Однако стороной Тана слышала, что кто-кто, а Гарри Уинслоу не может пожаловаться на одинокую постель. Она вышучивала и поддразнивала его всю дорогу до Нью-Йорка. Он высадил девушку у ее дома и отправился к себе в гостиницу.
Когда на следующий день Гарри заехал за ней, чтобы отправиться на свадьбу, она должна была признать, что он смотрится очень эффектно: на нем были белые фланелевые брюки, блейзер из голубого кашемира и шелковая кремовая рубашка, сшитая для него по заказу отца в лондонском ателье. Наряд дополнял красно-синий галстук фирмы «Гермес».
– Боже мой! – воскликнула при виде его Тана. – Если у невесты есть хоть капля здравого смысла, она немедленно бросит своего жениха и убежит с тобой.
– Очень мне нужна эта головная боль! – Он невольно залюбовался своей подругой: зеленое шелковое платье выгодно подчеркивало цвет ее глаз; золотистые волосы, прямые и длинные, падали ей на спину – перед этим она расчесывала их щеткой, пока они не заблестели.
Глаза Таны искрились, когда она посмотрела на своего спутника.
– Спасибо, что согласился пойти со мной. Там будет очень скучно, но я к этому готова и ценю твою жертву.
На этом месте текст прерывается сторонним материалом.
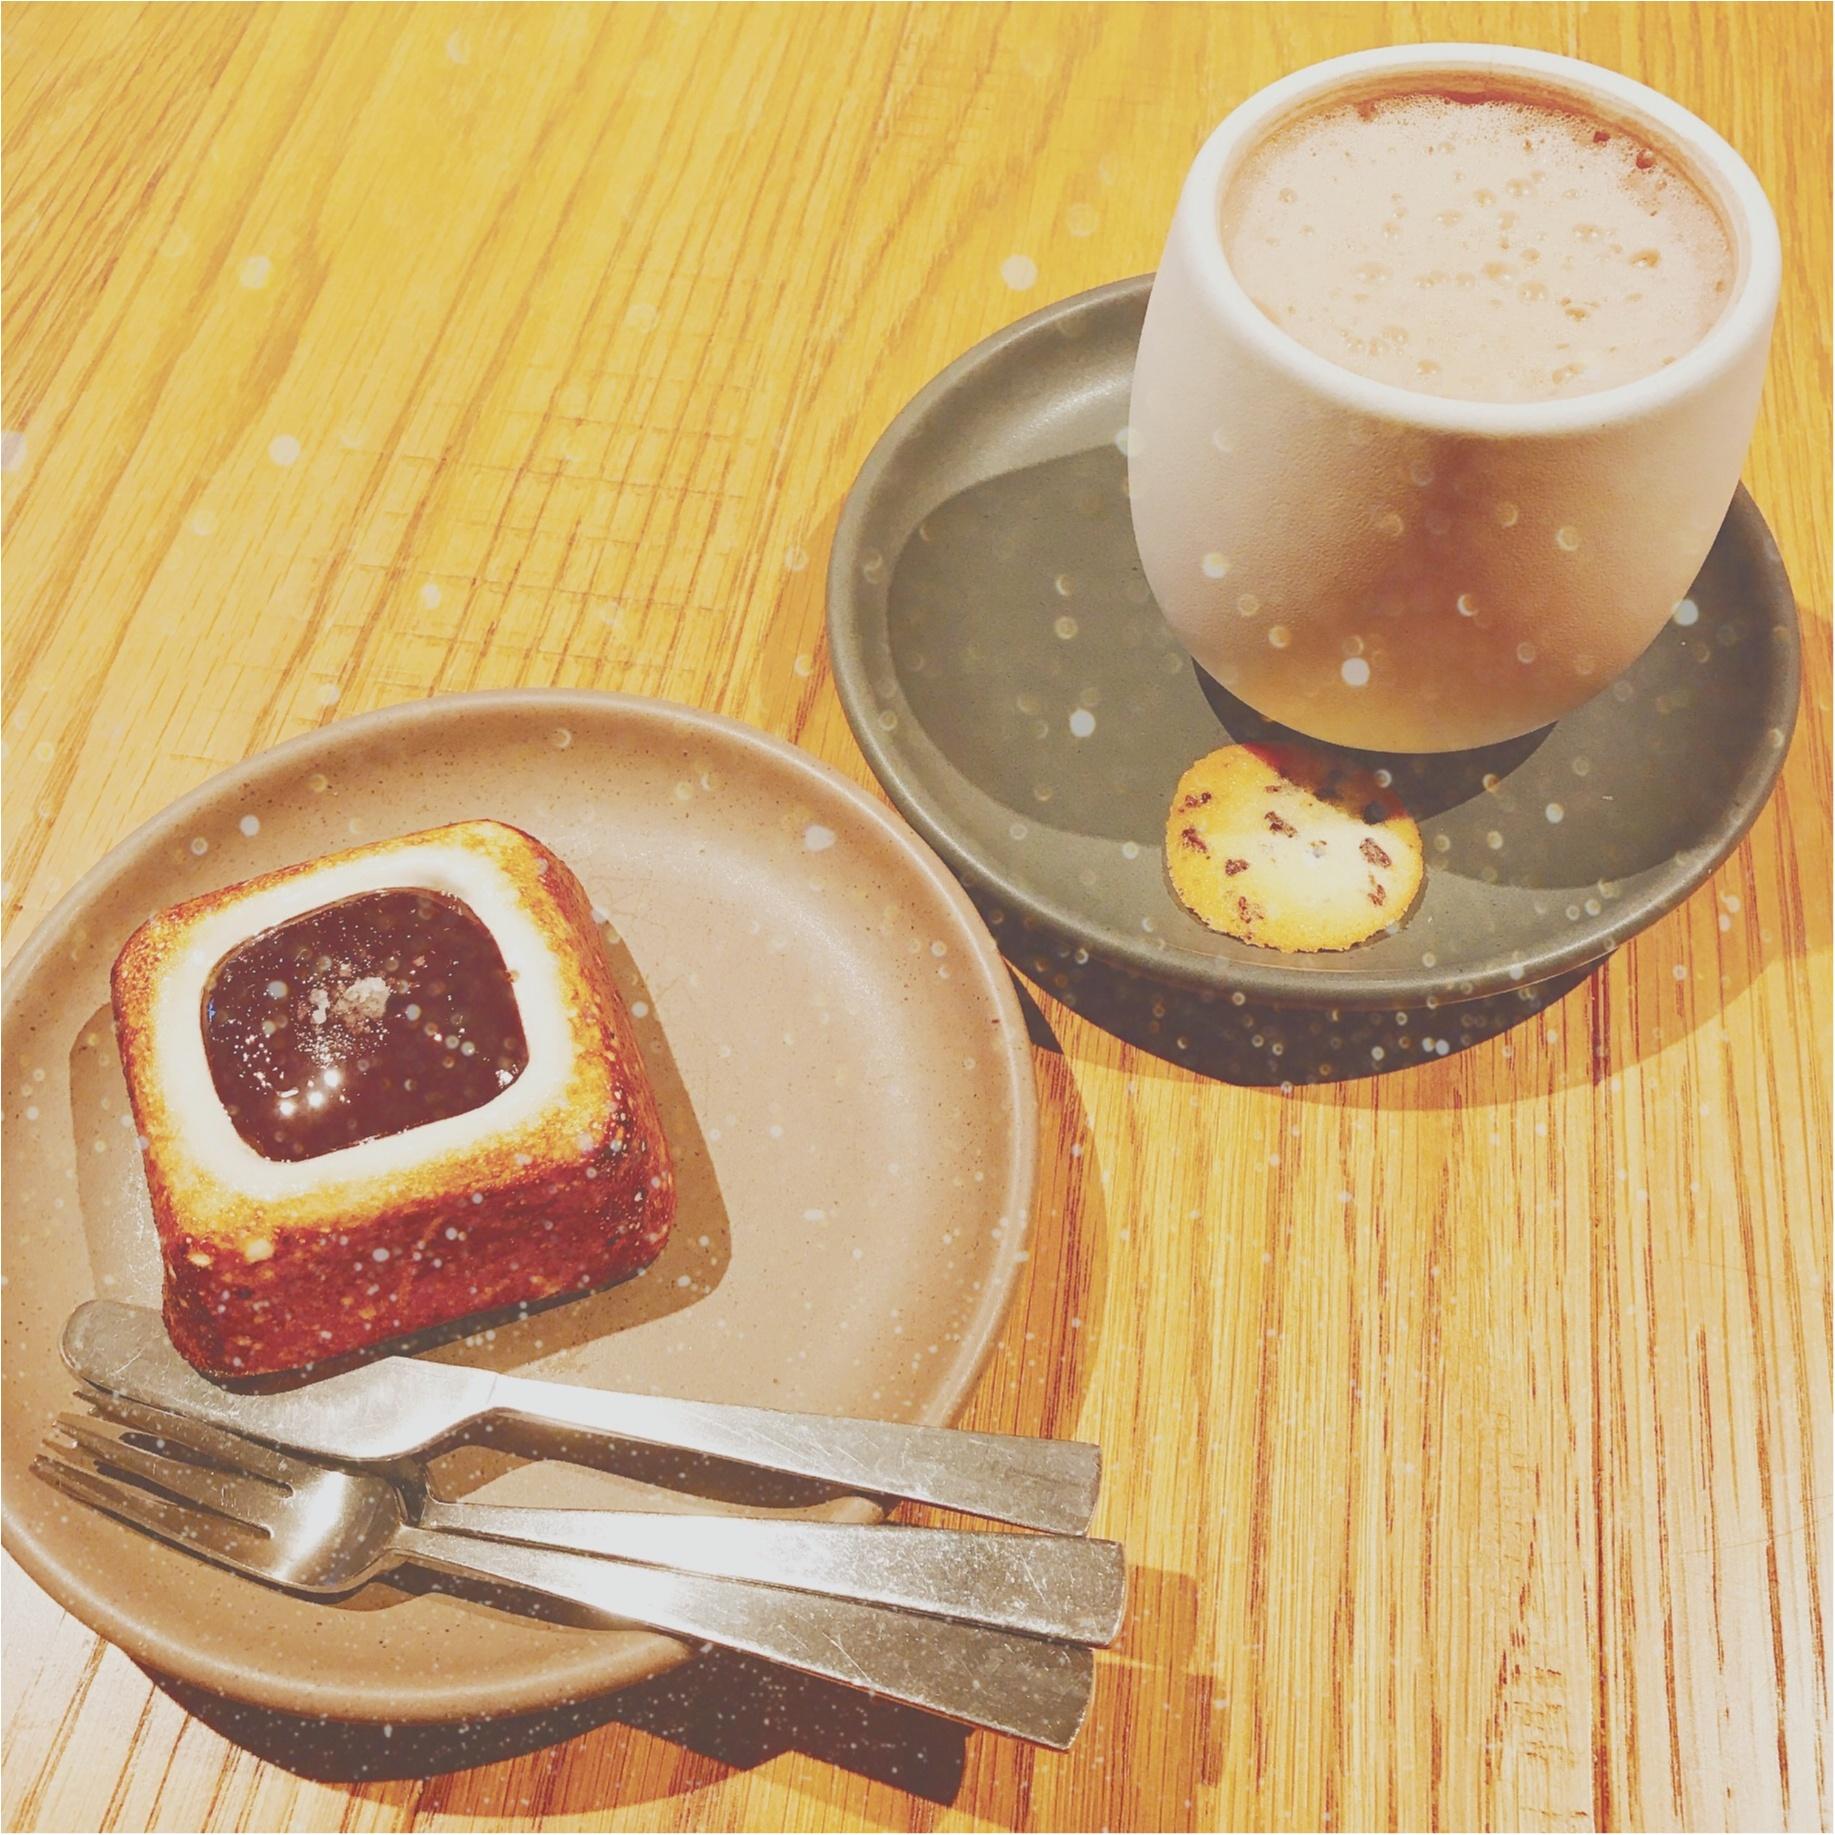 """香りを食べる♡チョコレートの新トレンド""""Bean to bar""""の専門店「ダンデライオン・チョコレート」@蔵前☻コンビニでも本格派のチョコレートが買えちゃう!?_3"""

– Глупости! Я вовсе никуда не собирался сегодня. Завтра вечером я вылетаю в Ниццу.
Оттуда он должен поехать в Монако, где его заберет отец на яхту своего друга. Гарри собирается провести с ним две недели, после чего отец продолжит морское путешествие с друзьями, оставив сына одного в доме на Кап-Ферра. «То-то будет житуха!» – хвастливо сказал Гарри, намекая на привольную жизнь, когда он сможет без помех волочиться за француженками. Но Тана при этом подумала с грустью: совсем один в целом доме, не с кем слова сказать, некому о нем позаботиться. С другой стороны, сама она целое лето будет вынуждена оставаться с Джин, выслушивая ее осточертевшие наставления. Она согласилась пойти на работу в «Дарнинг Интернэшнл» на два летних месяца в минуту слабости, чувствуя себя виноватой перед матерью за то, что отвоевала, хотя и не без борьбы, свободу действий.
– Я готова убить себя, как подумаю об этом, – жаловалась она Гарри. – Какая несусветная глупость! Но мне порой ее становится жалко: она бывает так одинока, когда я уезжаю в колледж. Вот я и надумала сделать матери доброе дело, но… Господи, Гарри! Что я сделала самой себе!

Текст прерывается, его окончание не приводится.